Ted Odza and Mildred Lachman
Quay Gallery
A curious interaction of formal elements exists between Odza, a sculptor and Miss Lachman, a painter. Odza’s sculpture draws vitality from the open metal tradition which began with Gonzalez and continues in the work of David Smith. A recent graduate of U.C., Odza became involved in the tradition via his instructors, Sidney Gordin and Wilfrid Zogbaum, both familiar practitioners of the linear space-enclosing sculpture idiom. His single variant on a now well-known theme is his use of very heavy metal components giving his sculpture a certain massiveness usually lacking in welded sculpture.
Miss Lachman’s paintings, while less dynamic in structure than her co-exhibitor’s work, contain the same spatial resolutions two dimensionally as does Odza’s three dimensionally. A black stroke against a white ground in Lachman’s painting serves the same space-defining purpose as a length of arcing round bar stock does in Odza’s sculpture.
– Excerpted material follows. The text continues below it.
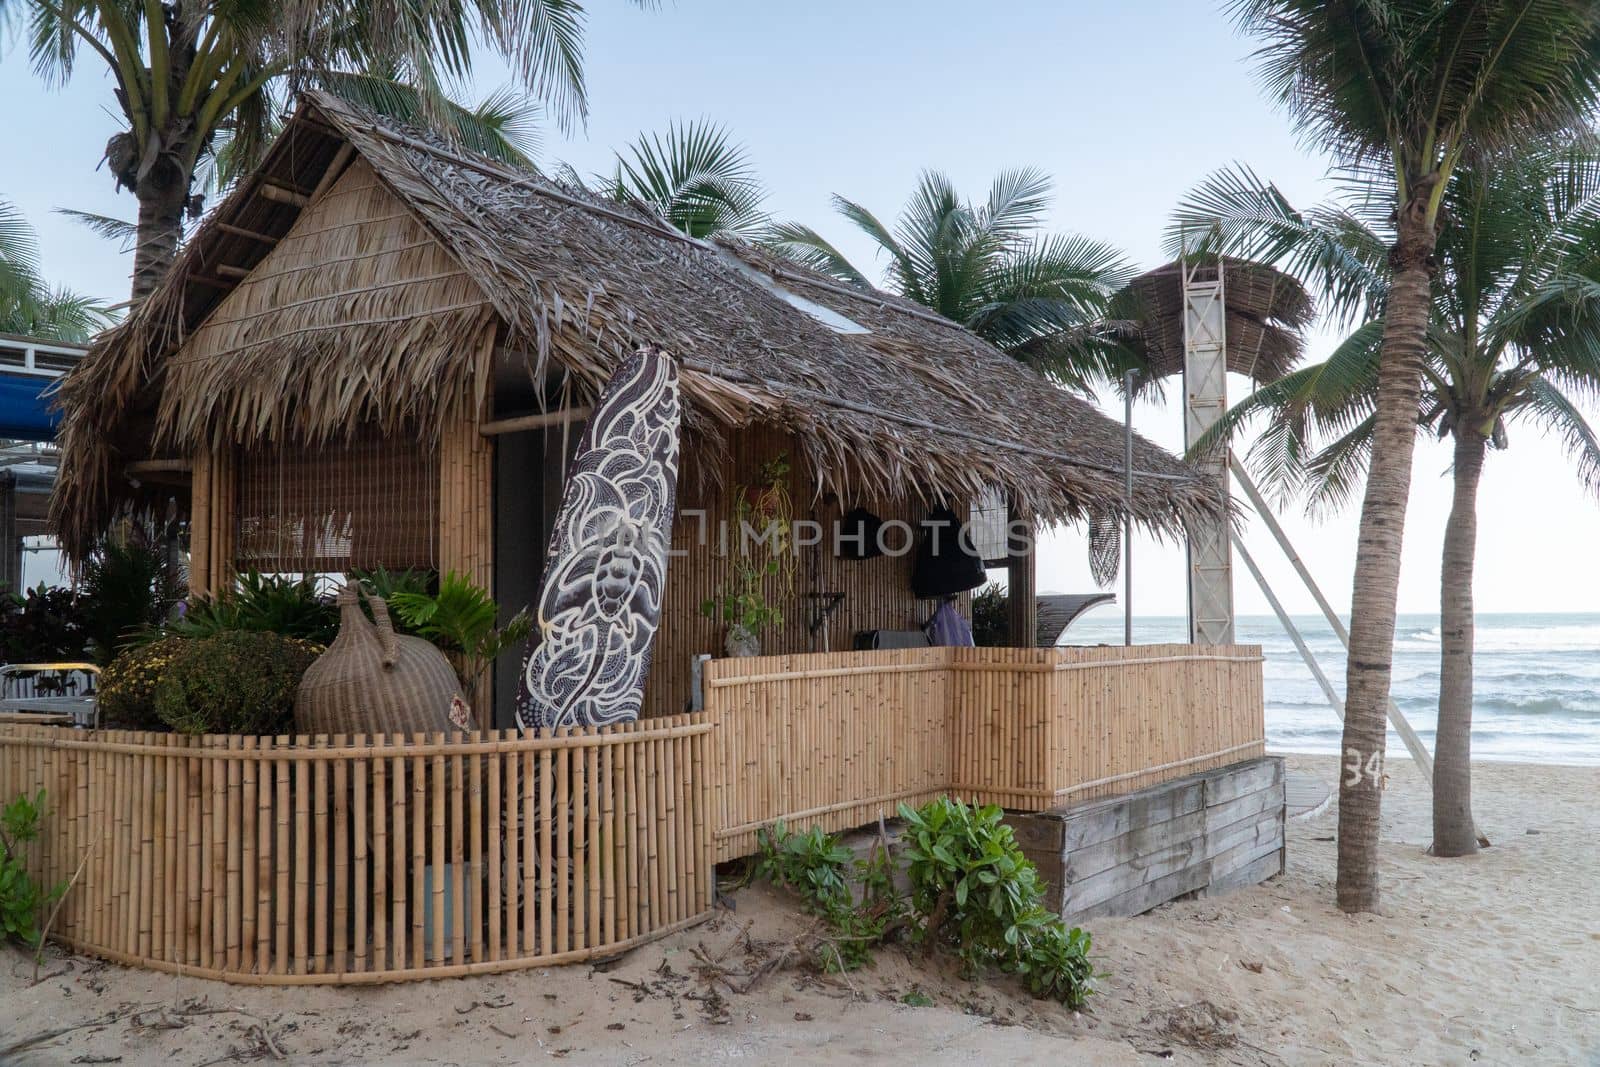 Beach bungalow made of palm leaves on the beach with a surfboard. High quality photo

Miss Lachman’s solutions to the problems of form, space and color are far too simple. Her work suffers from an overly facile paint handling which she could easily cure by more intensive digging into the possible resolutions of each picture she paints.
Odza’s sculptural difficulties are of a different nature; he seems faced with so many formal possibilities and sculptural concepts that rather than reject many for the one, he samples a number of them. It is a perfectly valid process in discovering a direction, albeit a confusing one for the viewer.